PS. Common chromedriver to turn off images option code:
chromeOptions = webdriver.ChromeOptions()
prefs = {"profile.managed_default_content_settings.images":2}
chromeOptions.add_experimental_option("prefs",prefs)
driver = webdriver.Chrome(chromedriver_path,chrome_options=chromeOptions)
driver.get(url)Copy the code
Fourth, Selenium Grid
Selenium Grid is a stand-alone extension of Selenium that allows users to distribute test cases across several machines for parallel execution. Of course, can achieve distributed testing, distributed crawler of course no problem. The mechanism of Selenium Grid is shown below. First, start a central node (Hub), then start multiple remote control nodes (RC), and ask RC to register its own information with the Hub, including rc’s own system, supported WebDrivers, maximum number of concurrent requests, etc. In this way, the Hub node knows all RC information for future scheduling.
After the running environment is set up, the test or crawler script requests the service port of the Hub. The Hub host distributes these test cases to the specified RC node according to the current state of the registered RC node and the load balancing principle.

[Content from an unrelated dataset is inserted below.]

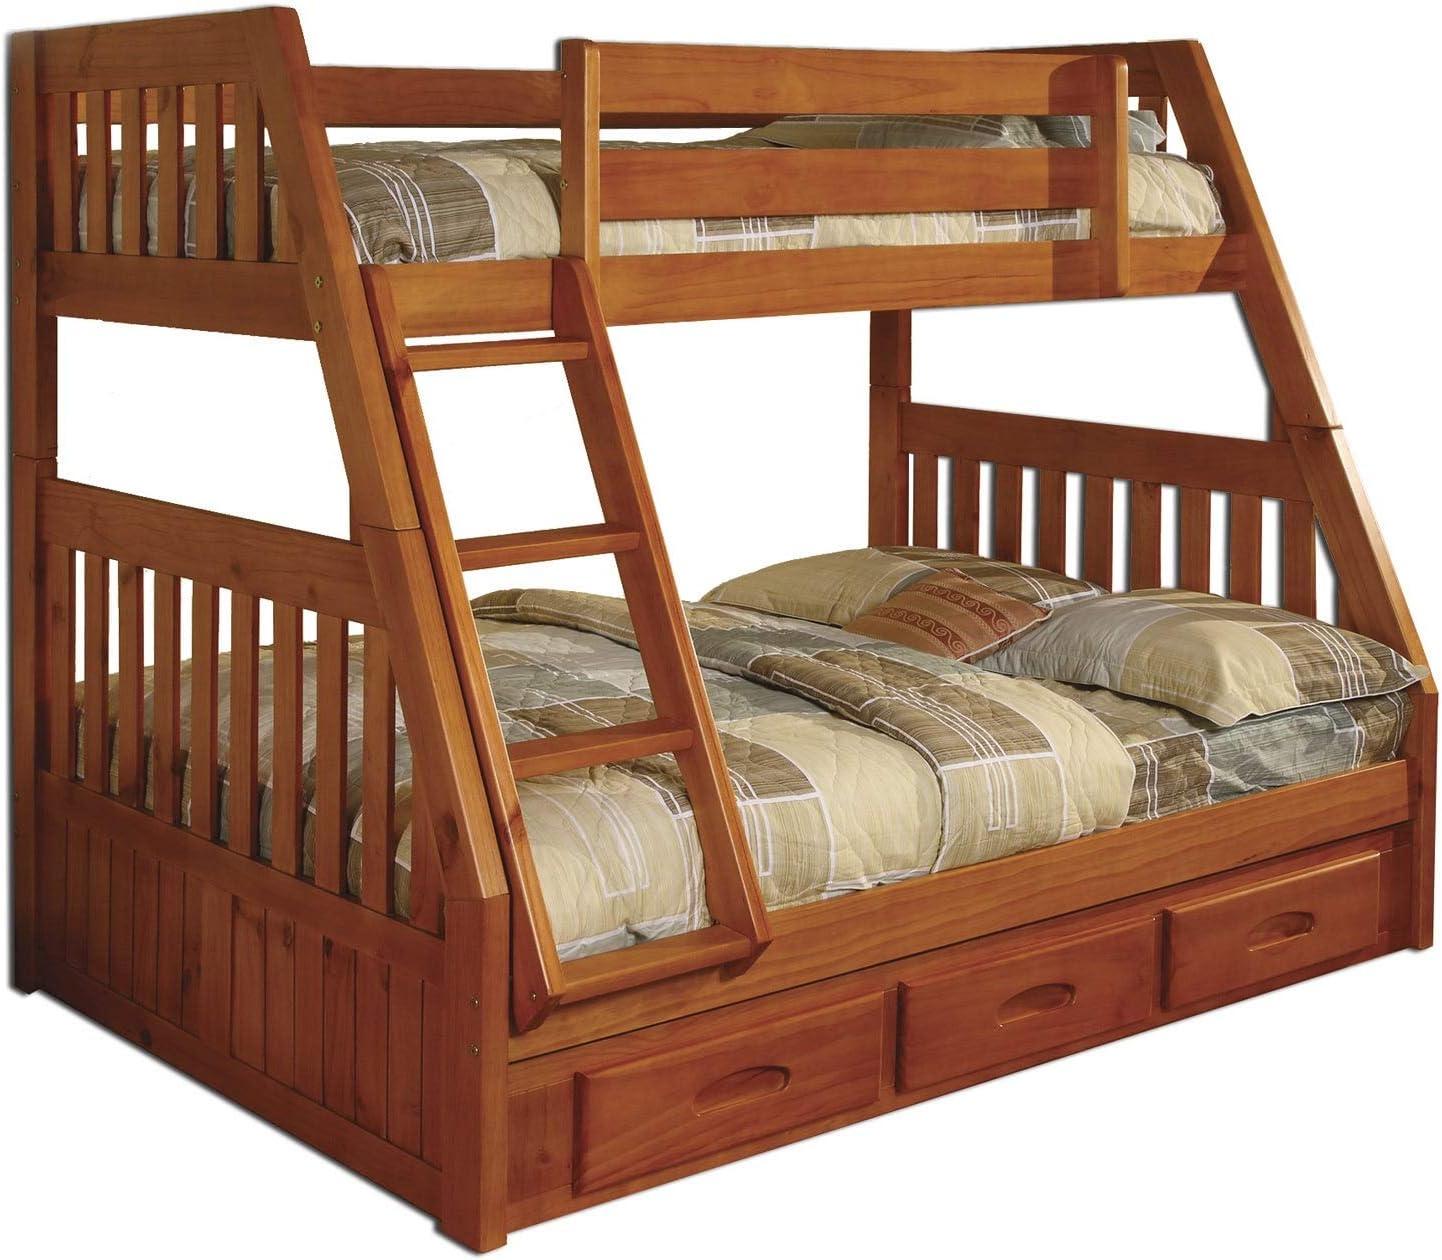 American muebles Classics – Miel de pino/madera twin-over-full 3 cajones bajo cama con Bono, cabaña, de escritorio y silla: Amazon.es: Hogar

The RC node executes the command after receiving the command.
from selenium import webdriver
url = "http://localhost:4444/wd/hub"
driver = webdriver.Remote(command_executor = url, desired_capabilities = {'browserName':'chrome'})
driver.get("http://www.baidu.com")
print driver.titleCopy the code
As shown in the figure below, I set up a Hub node locally with the default port 4444, and then registered two RC nodes locally with the ports 5555 and 6666 respectively. As you can see from the console of the Hub service port, each node can support 5 Instances of Firefox, 1 instance of Internet Explorer, and 5 instances of Chrome (you can customize). Since the Opera browser is not installed on this machine, there is, of course, no Opera instance.

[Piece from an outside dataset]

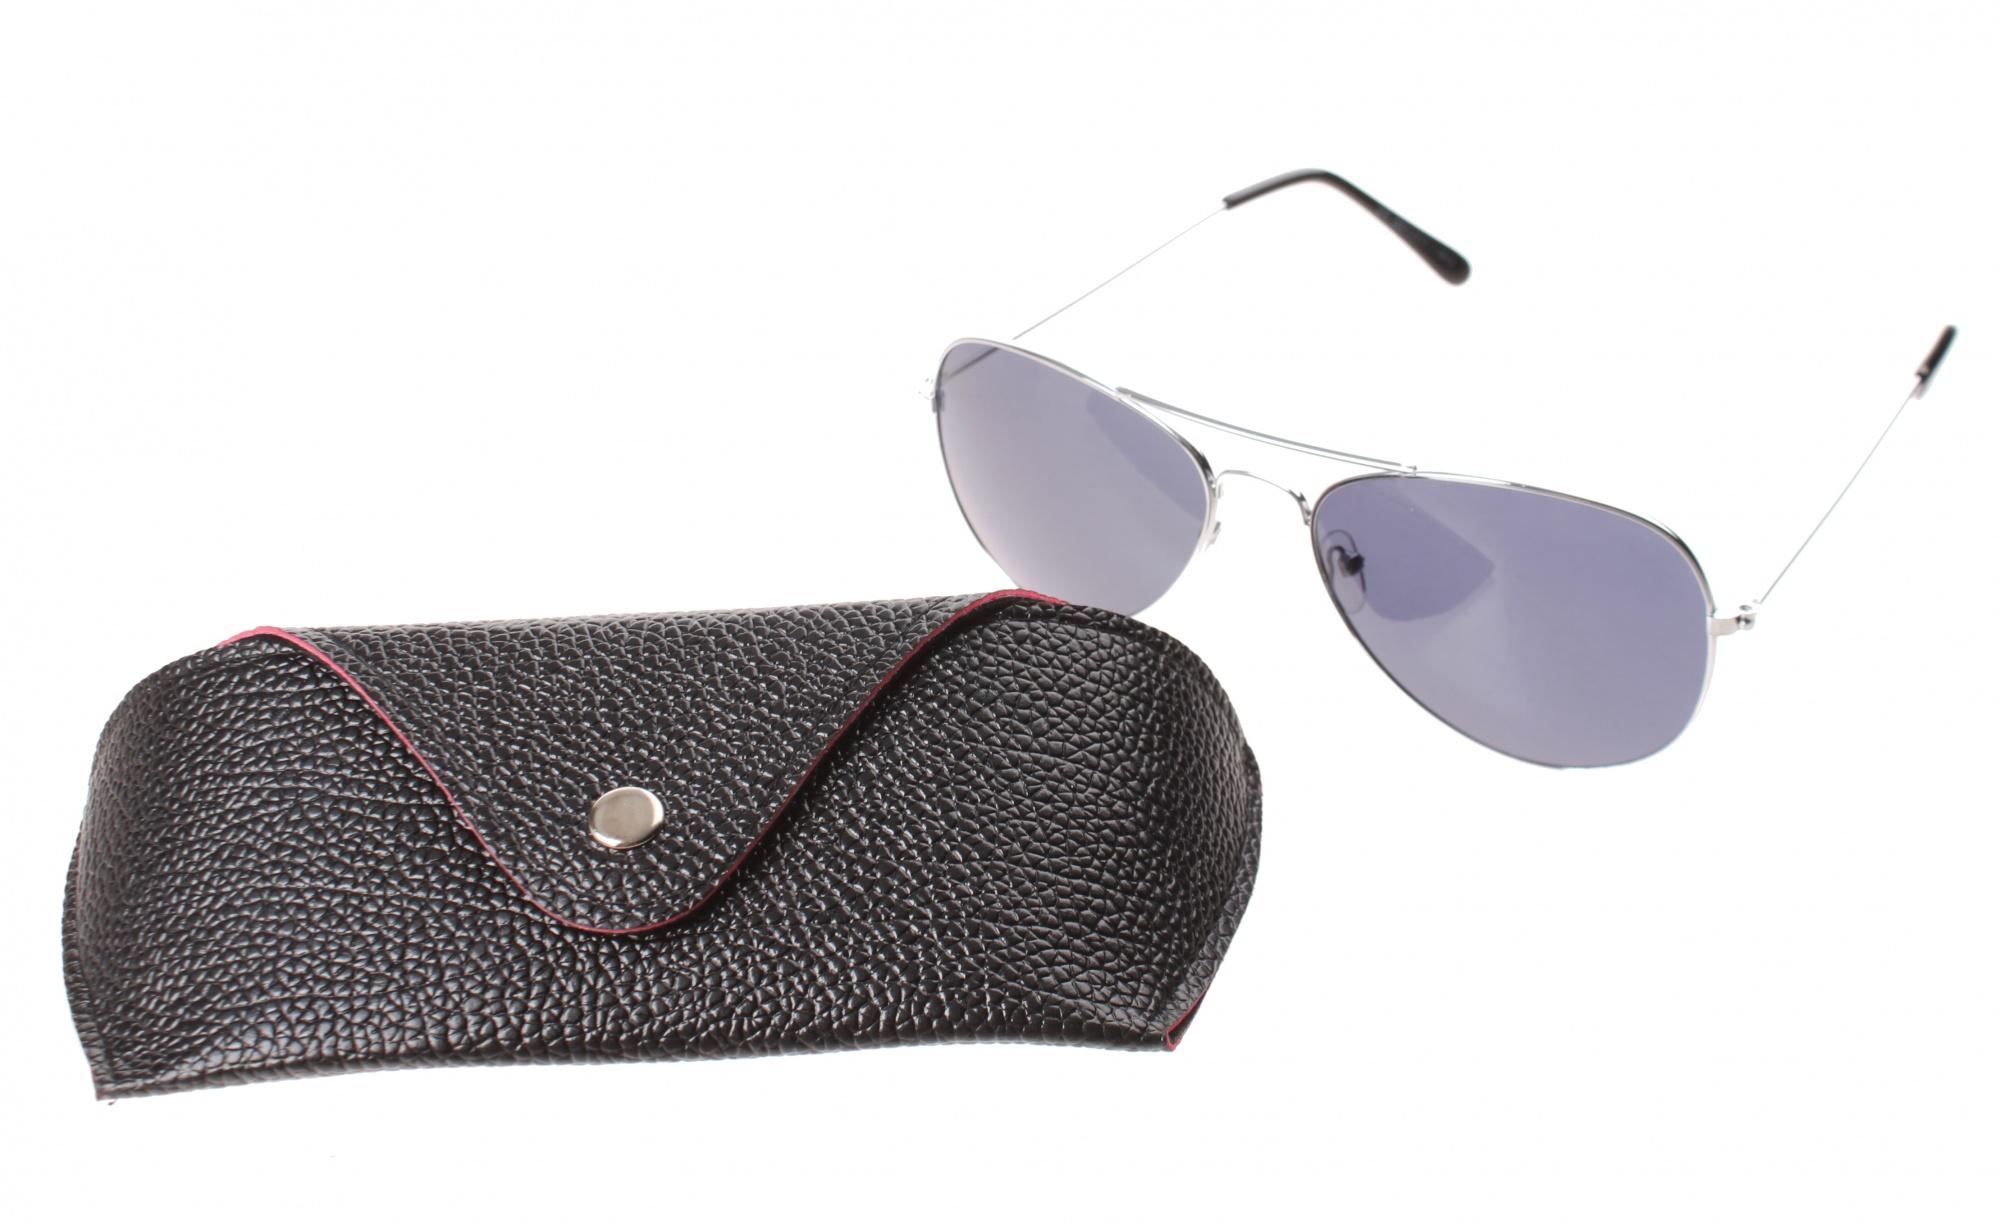 44957f16e96d4e Lifetime-Vision zonnebril unisex zilver met zwarte lens - Giga-Bikes ...

Selenium Grid is a very good framework to implement distributed testing/dynamic crawler. The principle and operation are not complicated. Interested students can learn more about it.
Five, the summary
The features of the above software or frameworks are summarized as follows:
- PhantomJS is relatively lightweight, but has very poor support for multiple concurrency
- Chromedriver renders fast and supports multiple concurrent processes well, but takes up a lot of memory
- Splash implements HTTP API, easy distributed extension, and mediocre page rendering capability
- Selenium Grid is a professional testing framework that is easy to scale and supports advanced features such as load balancing
Therefore, distributed Scrapy+chromedriver or Selenium Grid is a better choice to implement distributed dynamic crawler.